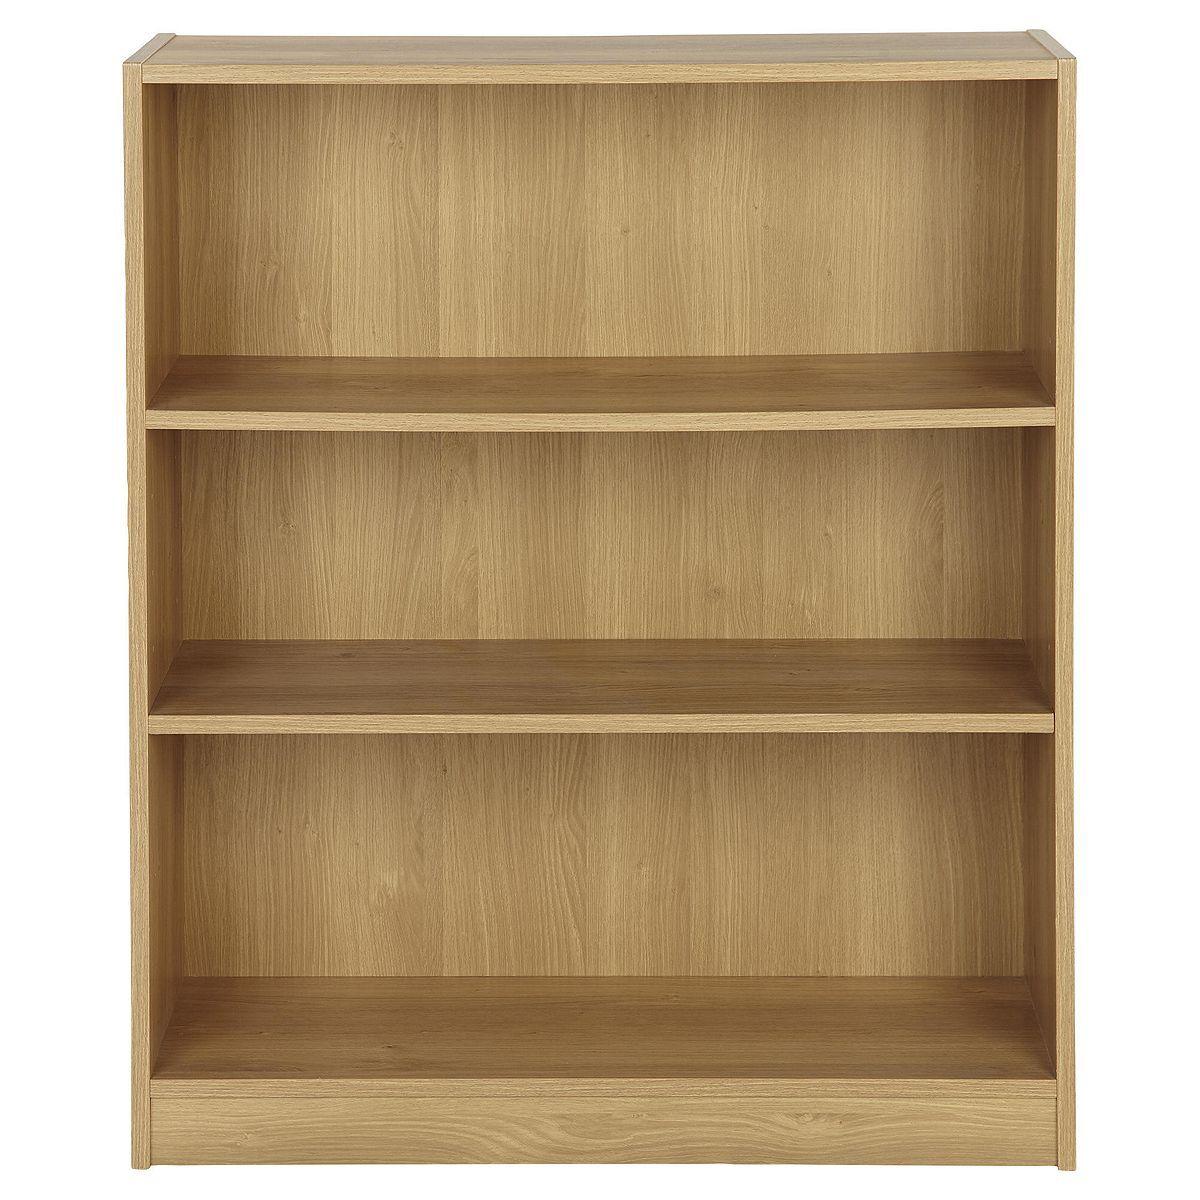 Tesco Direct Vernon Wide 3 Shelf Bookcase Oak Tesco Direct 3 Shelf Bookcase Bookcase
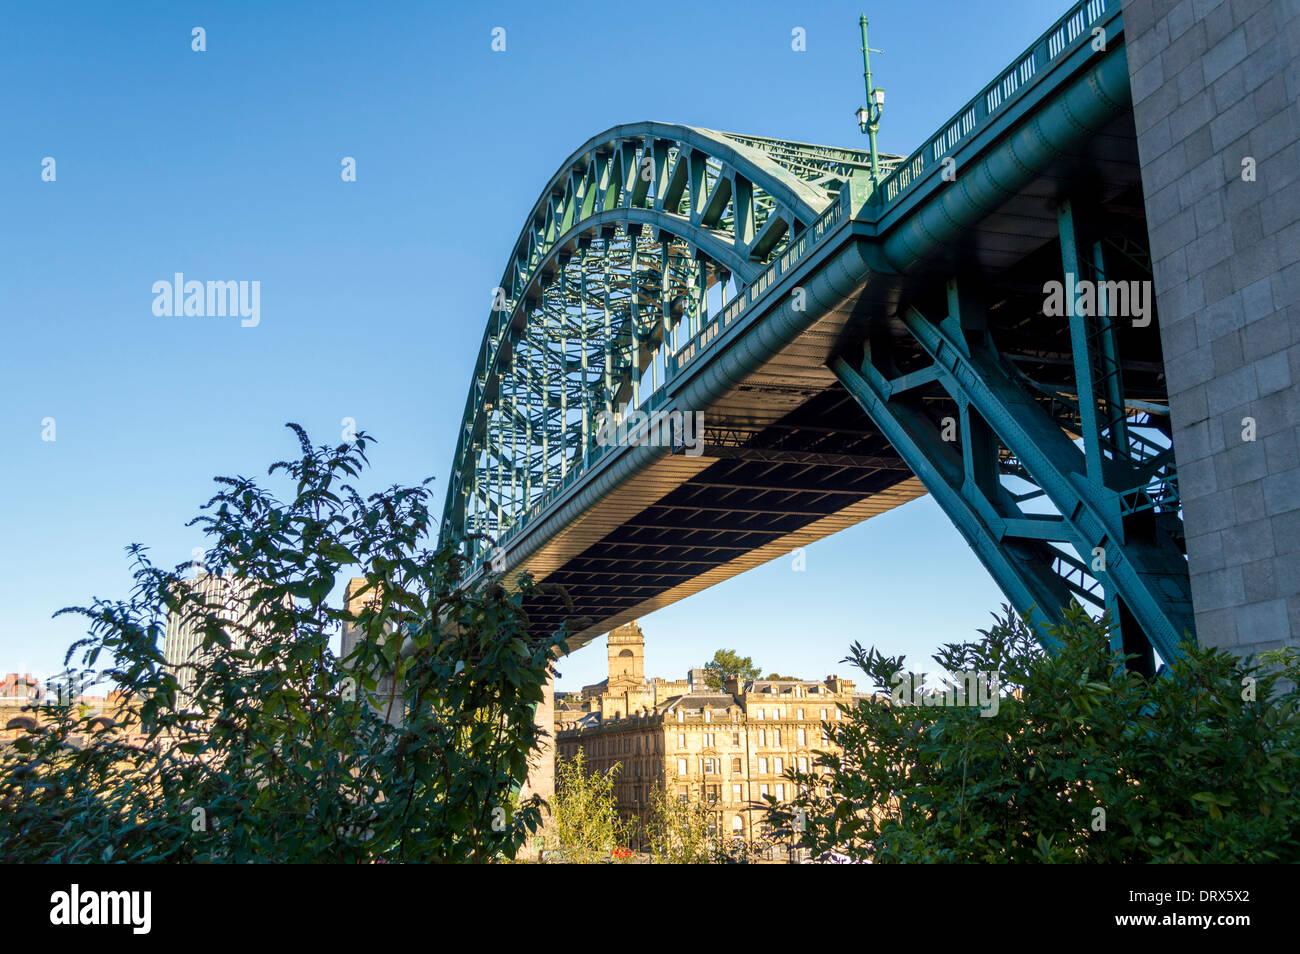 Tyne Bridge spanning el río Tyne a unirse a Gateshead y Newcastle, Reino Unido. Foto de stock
==
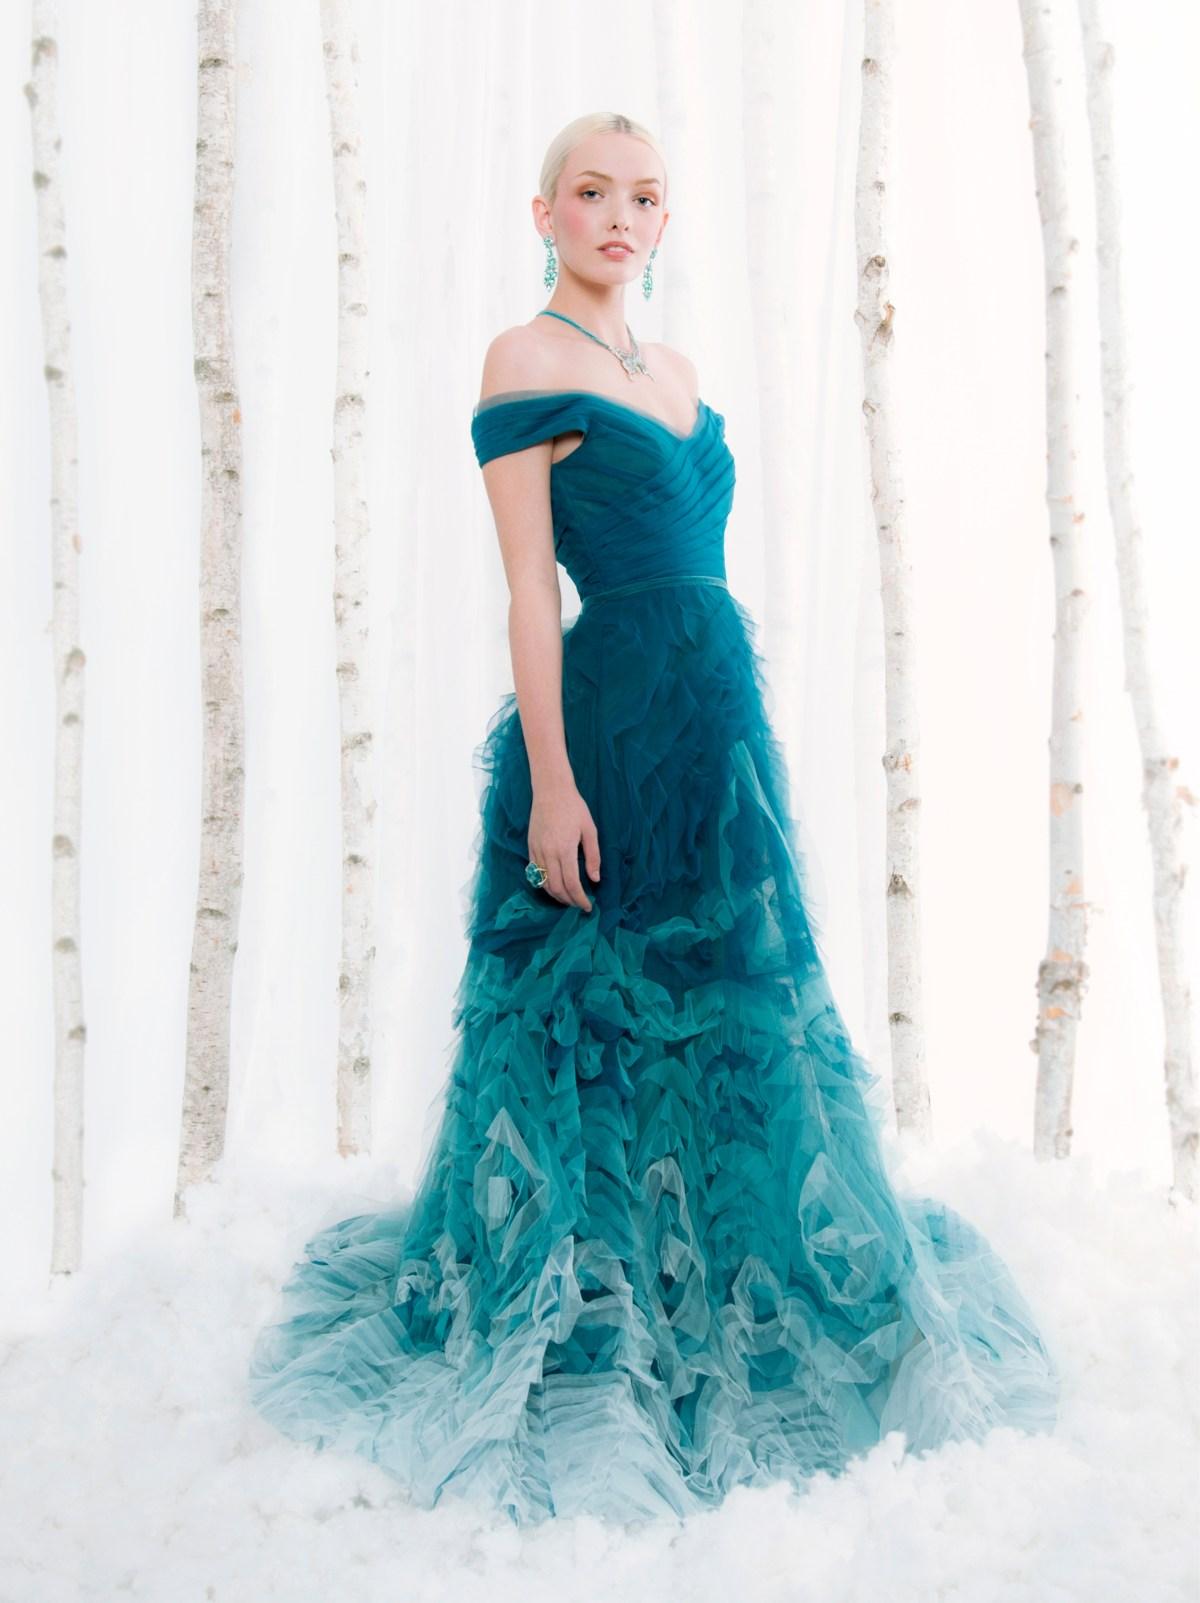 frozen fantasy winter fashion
* * *
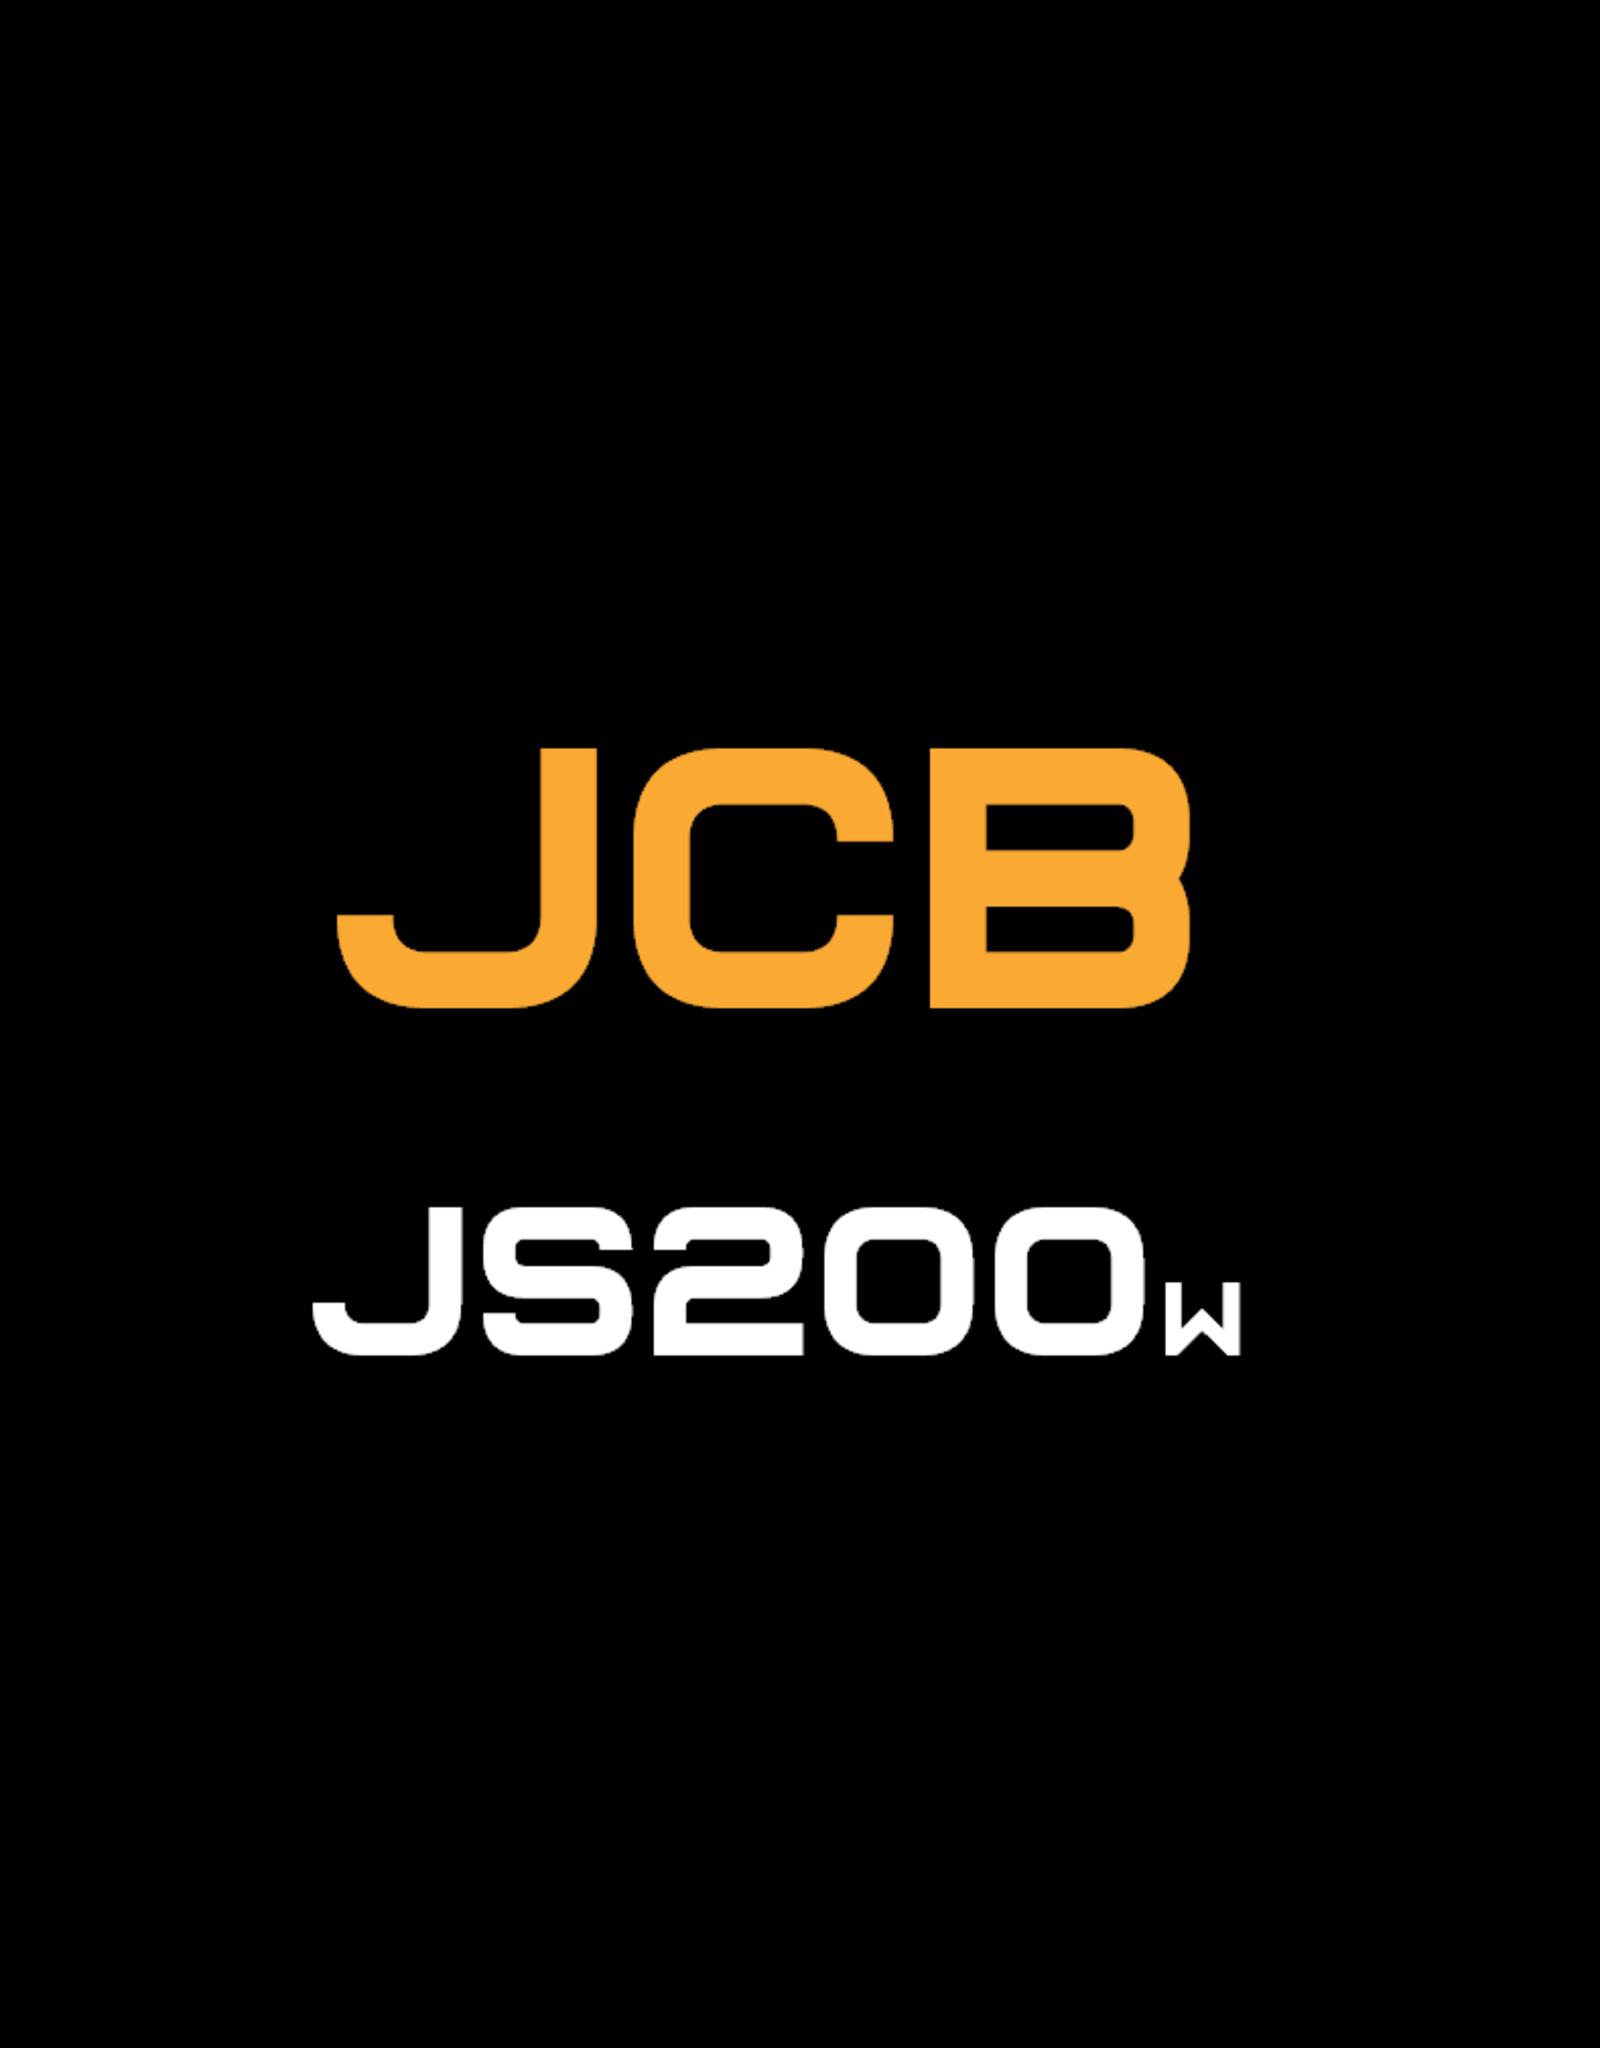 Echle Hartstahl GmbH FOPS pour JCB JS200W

→ **What is being asked**:
Above are entries with pictures among them. Write out exactly the lines from the one containing "Tesco Direct Vernon" through the one containing "Tyne Bridge spanning", ends included, and leave those pictures out.

→ **Problem solution**:
 Tesco Direct Vernon Wide 3 Shelf Bookcase Oak Tesco Direct 3 Shelf Bookcase Bookcase
 Tyne Bridge spanning el río Tyne a unirse a Gateshead y Newcastle, Reino Unido. Foto de stock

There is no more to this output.